Many non-SQL DBs had query languages that were broken Javascript-ish versions of SQL. Of course, this is wrong, and people will eventually adopt SQL instead. But if your data model isn't anything like relational DBs, non-SQL makes a ton of sense. OP seems to miss exactly this, that the Redis query language is shaped on the Redis data model, that is basically alien to the relational model.
The idea behind Redis data model is that "describe data" then "query those data in random ways" is conceptually nice but practically will not model very well many use cases. SQL databases plagued tech with performance issues for decades because of that. So Redis says instead: you need to put your data thinking about fundamental things like data structures and access times and the way you'll need those data back. And the API reflects this.
You don't have to automatically agree with that. But you have to understand that, then provide your "I'm against" arguments. Especially if you are in front of young people listening to you.
Agreed. Many noSQL-boom-era databases eventually bolted on a SQL-esque layer, but that was also because they were mostly also all targeting "enterprise database" use cases and customers who both expected that and whose use cases largely fit with it. So, there was a lot of pressure to conform to norms when the advantage of not doing so wasn't immediately self-evident.

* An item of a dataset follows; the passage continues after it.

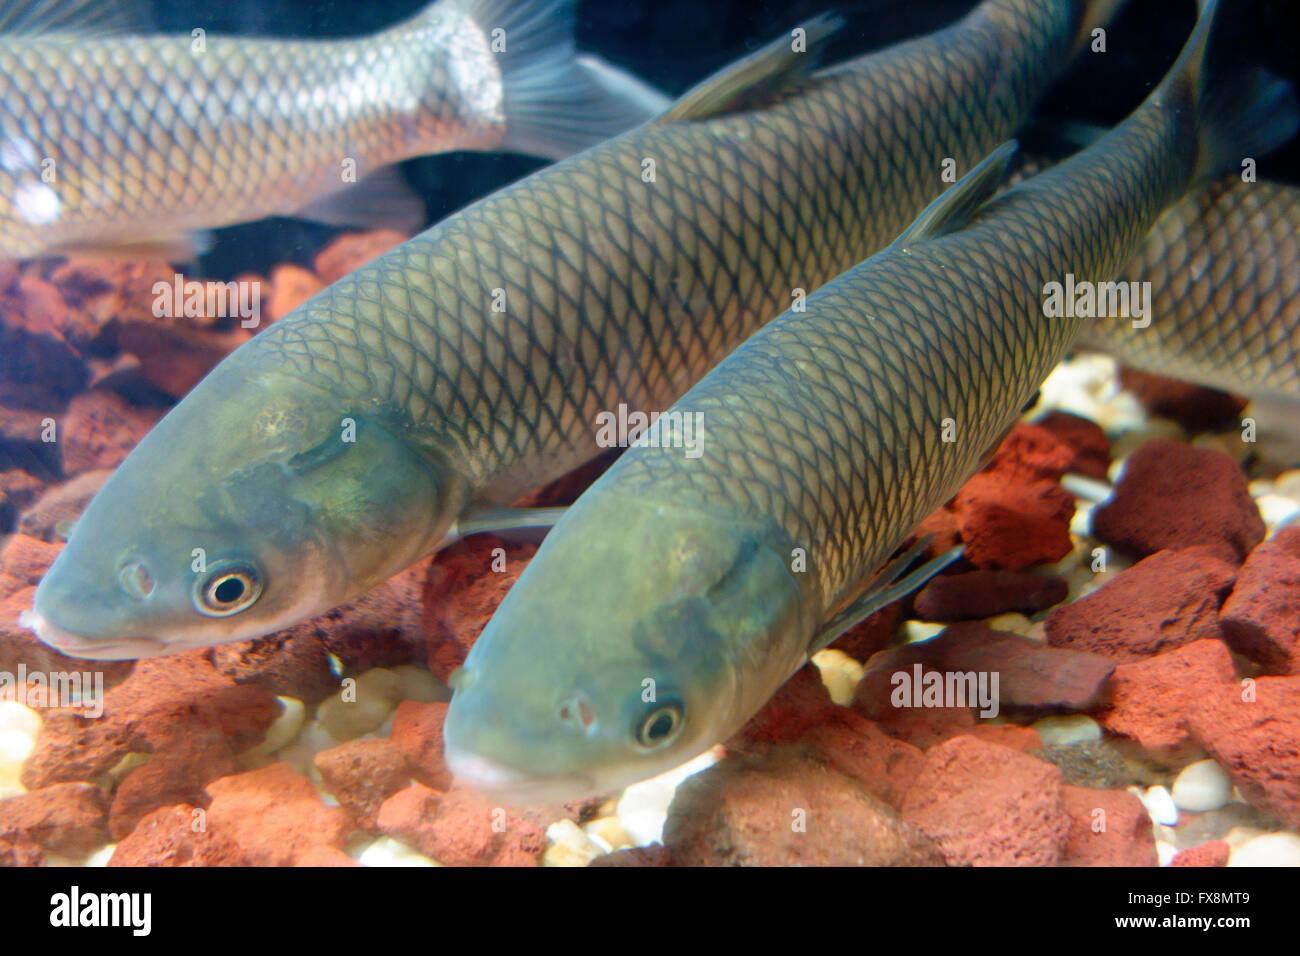 Exotic invasive grass carp fish in florida usa stock for Invasive fish in florida
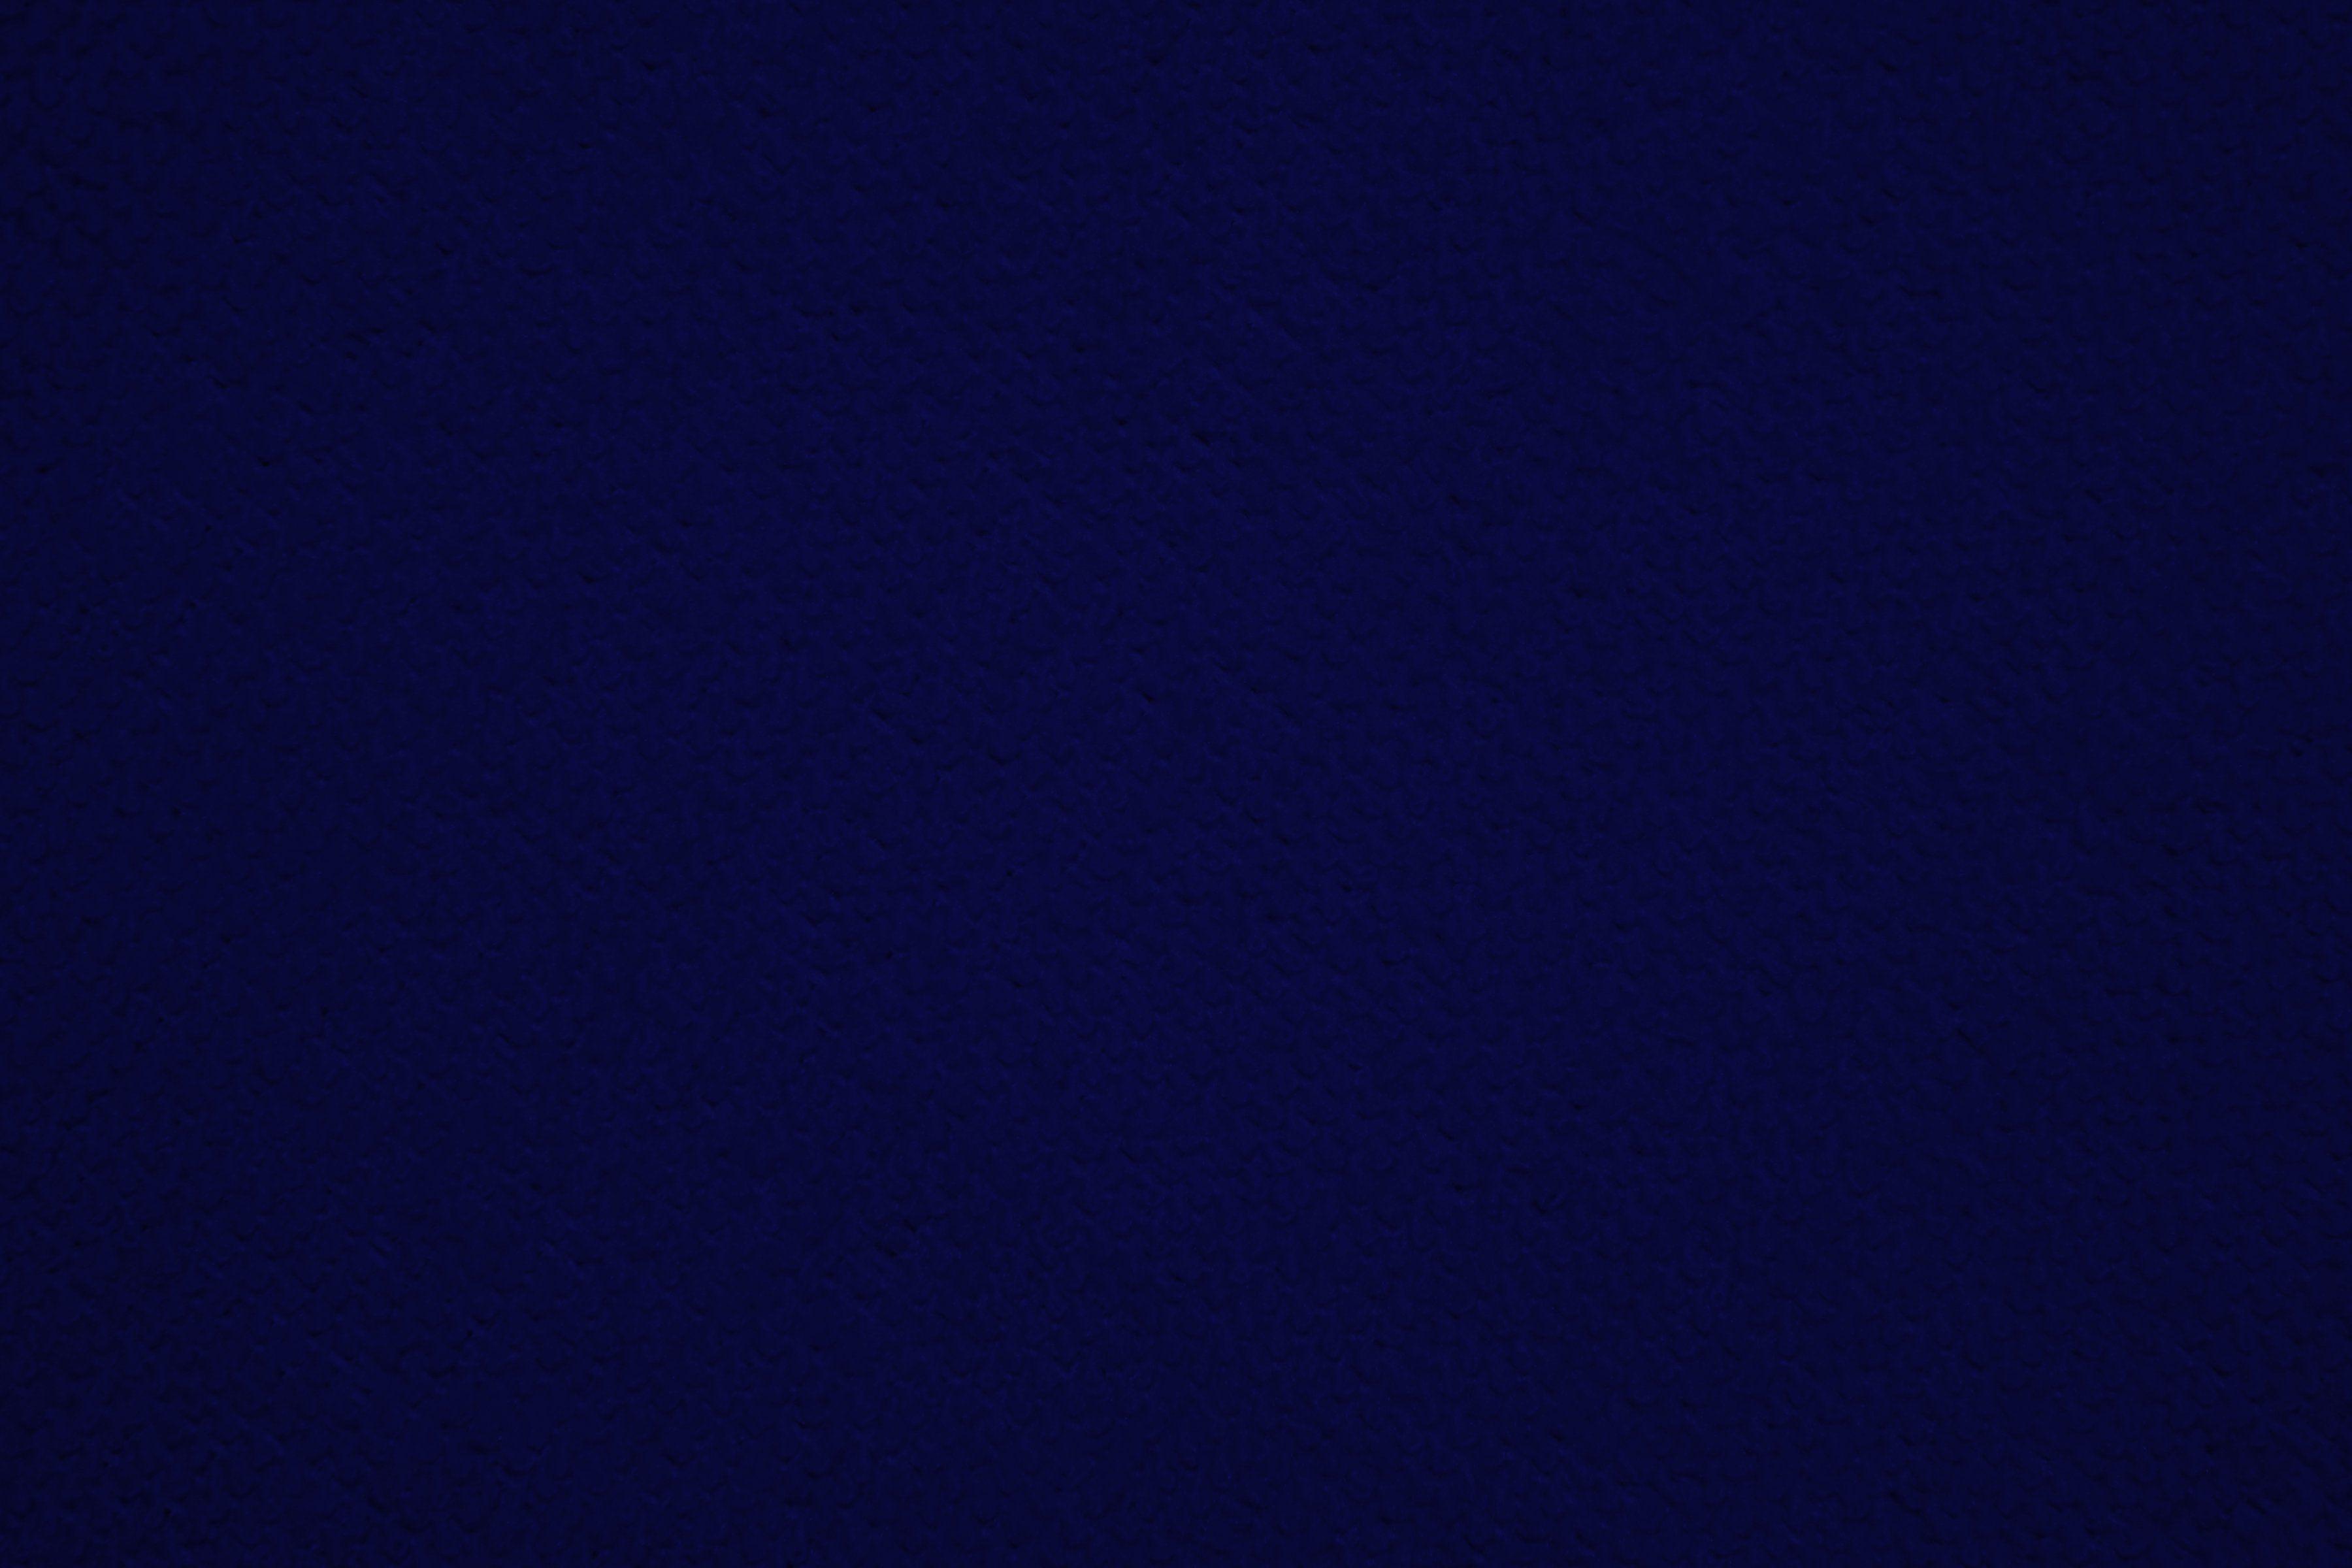 Navy Blue And Gold Wallpaper  Wallpapersafari. Kitchen Collection Printable Coupons. Sandgate Hotel Kitchen Nightmares. Semi Flush Kitchen Lighting. Mavericks Southern Kitchen. Giagni Kitchen Faucet. White Kitchen Bar Stools. The Cooks Kitchen. Hells Kitchen Results

We have a database [1] and query language [2] that's tailored to storing & querying trace/telemetry data produced by different layers and components of cyber-physical systems for systems engineers to analyze, verify, and validate what a complex system is doing. It's not quite a traditional relational problem. It's not quite a traditional time series problem. It's not quite a traditional graph problem.
Addressing the way that systems engineers think about their domain in an effective way required coming up with something different. Are there caveats and rough edges? Sure. But, they're a lot less pernicious and onerous than the alternative of trying to leverage a bunch of ill-fitting menageries of different solutions.
Redis is fit-for-purpose. So, it makes sense that its query interface would also express that.
>But if your data model isn't anything like relational DBs, non-SQL makes a ton of sense. OP seems to miss exactly this, that the Redis query language is shaped on the Redis data model, that is basically alien to the relational model.
Sure...but all roads lead back to SQL eventually. Another recent example also mentioned in the OP is BigTable adopting SQL.
For what it's worth, SQL kind of sucks. It's just the de facto choice because it's extremely widespread and good enough for 80% of the use cases out there and what's missing can be kludged on top of it, either by specific DB vendors, or by various extensions.
It's not too hard to come up with alternatives that improve upon individual aspects of SQL like https://prql-lang.org/ but the barrier of entry is about as high as trying to make a huge social media network, most attempts will remain niche.
Then again, most software kind of sucks, it's just that some of it also works. For example, the Linux FHS reads like an overcomplicated structure that is the way it is for historical reasons, but works in practice.